The work presented in this paper aims at score following in sheet music that is given as unprocessed images. The general goal of score following is to determine the current position in the score for an incoming music performance. The authors build upon their previous work presented in ISMIR 20191 and extend the capabilities of the score following model. The novelty of this work lies in the fact that they deal directly with complete raw images of sheet music (although this is done one page at a time). Existing methods for score following either rely on computer-readable representations of the score (such as MIDI or MusicXML), or work with small snippets of the sheet images. While the former representation is not readily available and/or depends on robust OMR, the latter is unable to capture context and disambiguate between different possible matching positions. It also has another constraint that the sheet image excerpt has to correspond partially to the incoming audio excerpt, in the absence of which the tracker is lost and subsequent predictions are incorrect. Additionally, the methods that work with snippets of audio and sheet image need an “unrolled” score representation, i.e. the staves have to be cut out from the sheet image and stitched together in a sequence.
The authors attempt to overcome this limitation by working with entire pages of sheet music images. They extend the work initially proposed in 1 to be able to handle the temporal aspect of score following, i.e. disambiguate multiple positions in the sheet image that match with the audio excerpt. Another recent work has shown the effectiveness frame similarity learning for audio-to-score alignment 2, a task related to score following.
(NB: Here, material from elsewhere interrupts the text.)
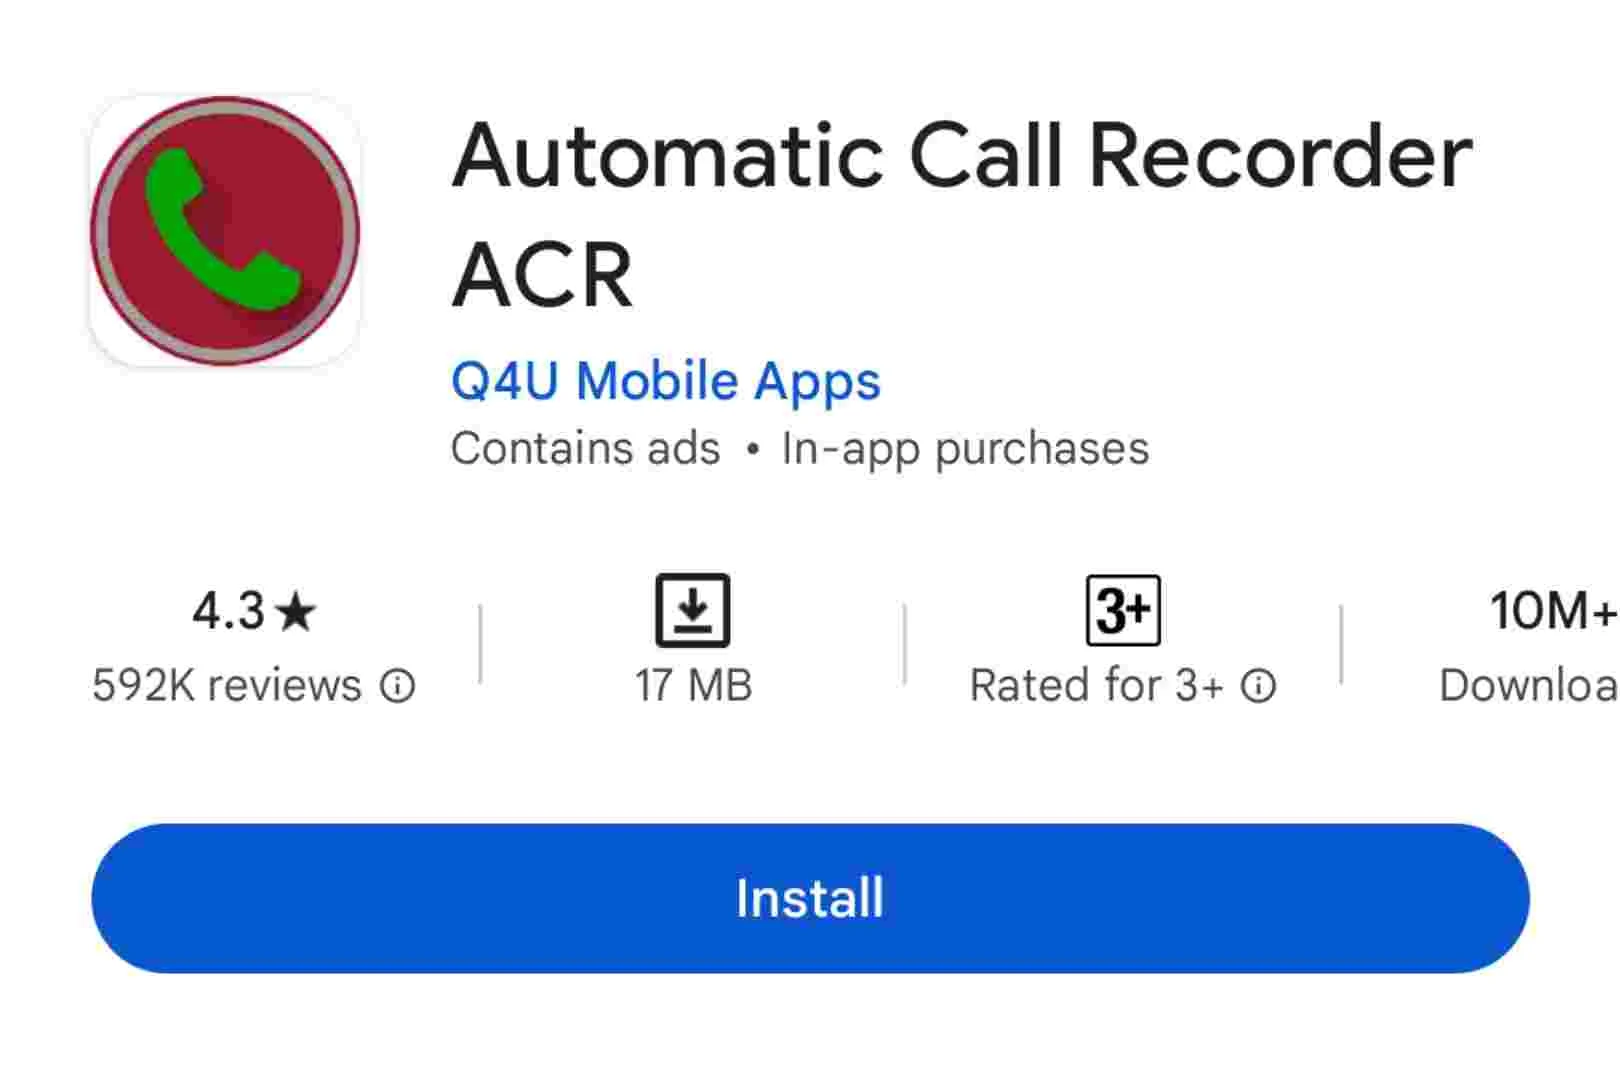 ACR Call Recorder

The basic idea is motivated by “referring image segmentation” 3, a task in computer vision that aims to identify a region in an image, given a language expression as the query. To better understand this task, take a look at this figure:
As the figure suggests, given the input images (left) and the corresponding referring expressions (below), the goal of referring image segmentation is to segment out the regions in the image referred to by the expression (right).
The idea discussed above is carried over to the score following task by modelling it as the following question: “Given the incoming audio, which position in the sheet image does it correspond to?”. In other words, the authors treat the incoming audio as the language expression, to extract the region from the sheet image that acts as the entity to reason about.
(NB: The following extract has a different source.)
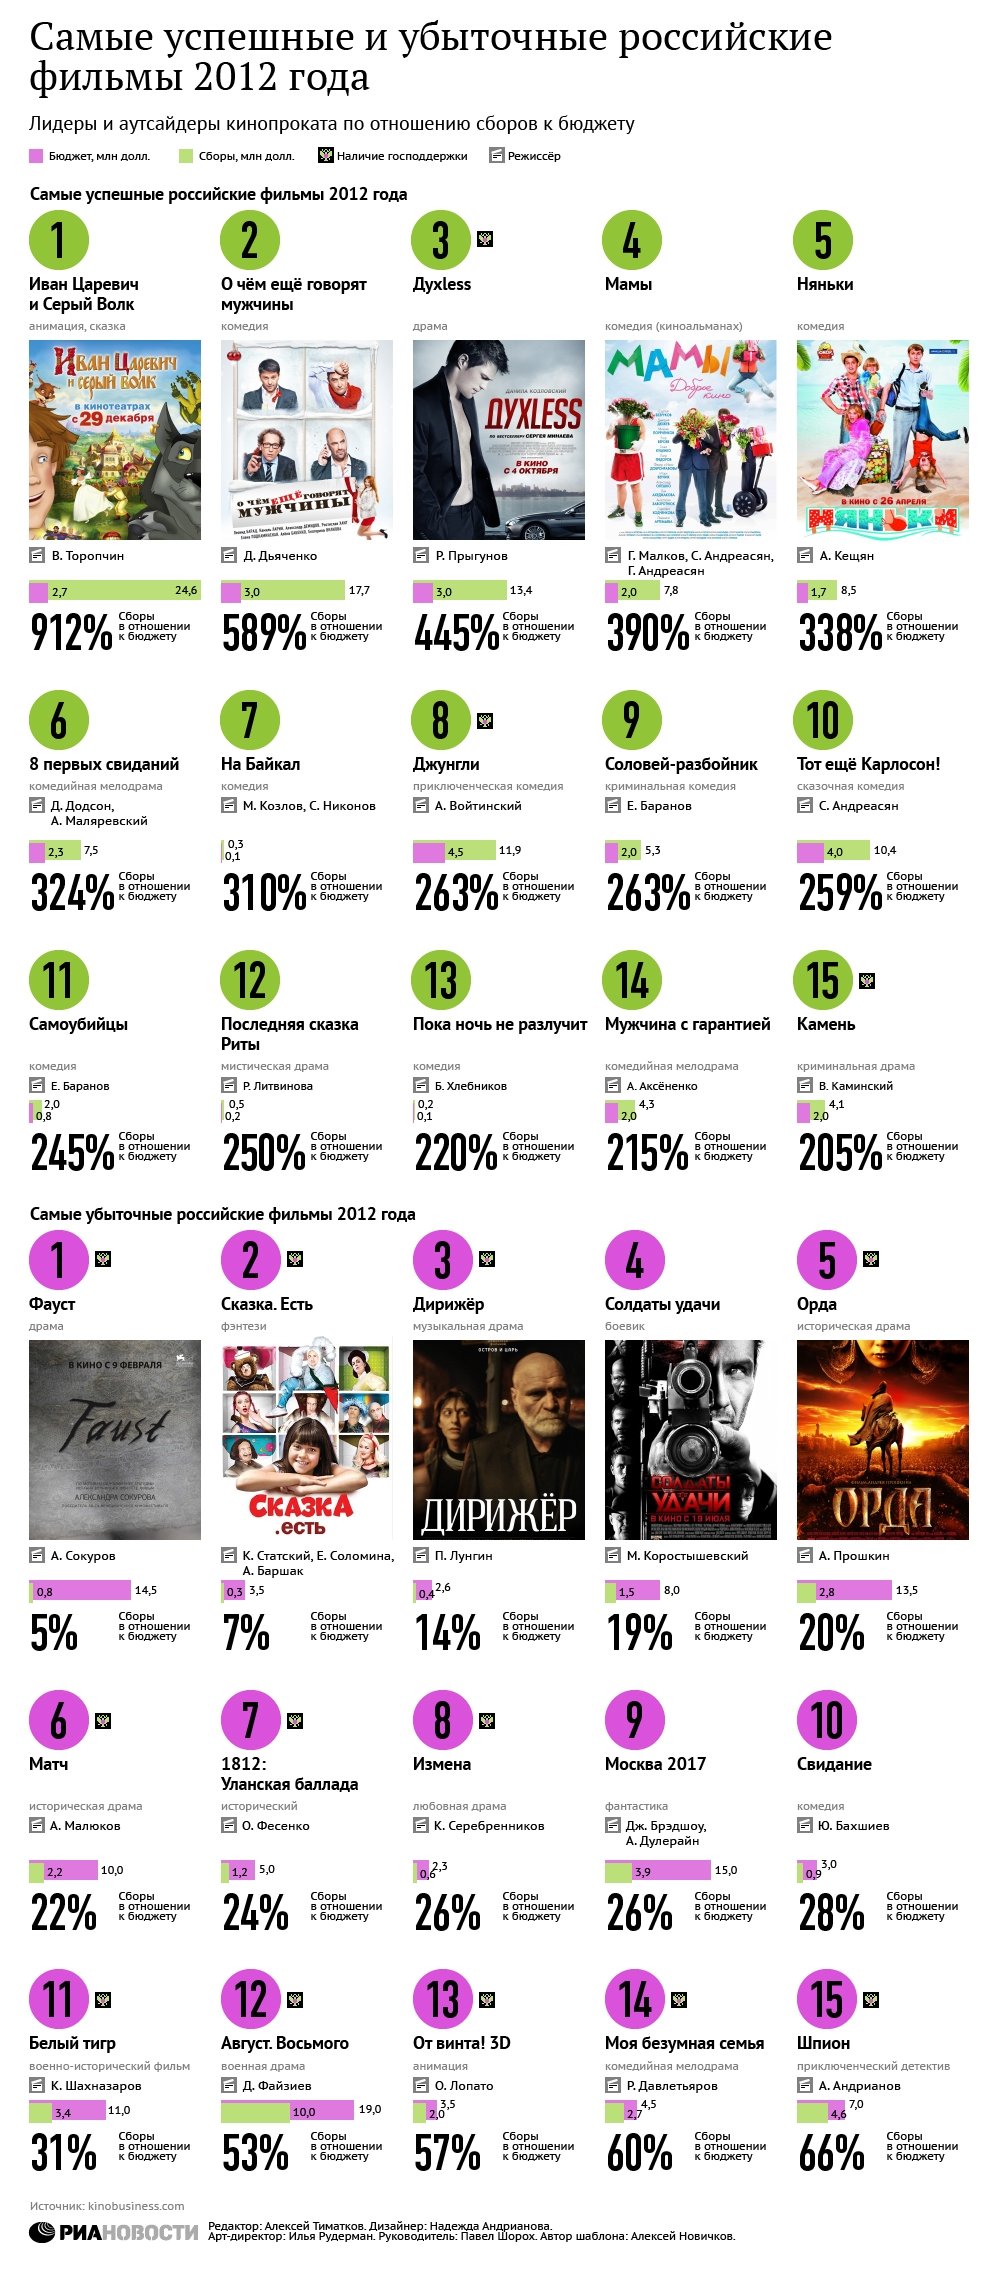 Самые успешные и убыточные фильмы 2012 года

Specifically, they predict a binary segmentation mask that gives for each pixel in the sheet image page, the probability of it corresponding to the current audio. The authors employ a U-net based architecture for this task, illustrated in the figure below:
A feature-wise linear modulation layer 4 is also applied before the last activation function, to directly interfere with the learned representation of the sheet image by modulating its feature maps. This helps the CNN to focus on the parts required for segmentation. The FiLM layer is illustrated below:
The results are reported on the MSMD data set, a synthetic dataset containing polyphonic piano music. The authors report that their method outperforms previous methods that are based on snippets of sheet music matched to audio excerpts, as well as an OMR based DTW method. A noteworthy point is that pieces containing several pages of sheet music are split into multiple pieces to aid training. Perhaps future work could deal with entire pieces in one go. All in all, this is a promising paper furthering the research on score following. Some limitations of their method are the inability to handle structural differences like repeats, the implications of the size of the segmentation mask on the granularity of alignment, and generalizing to real recordings.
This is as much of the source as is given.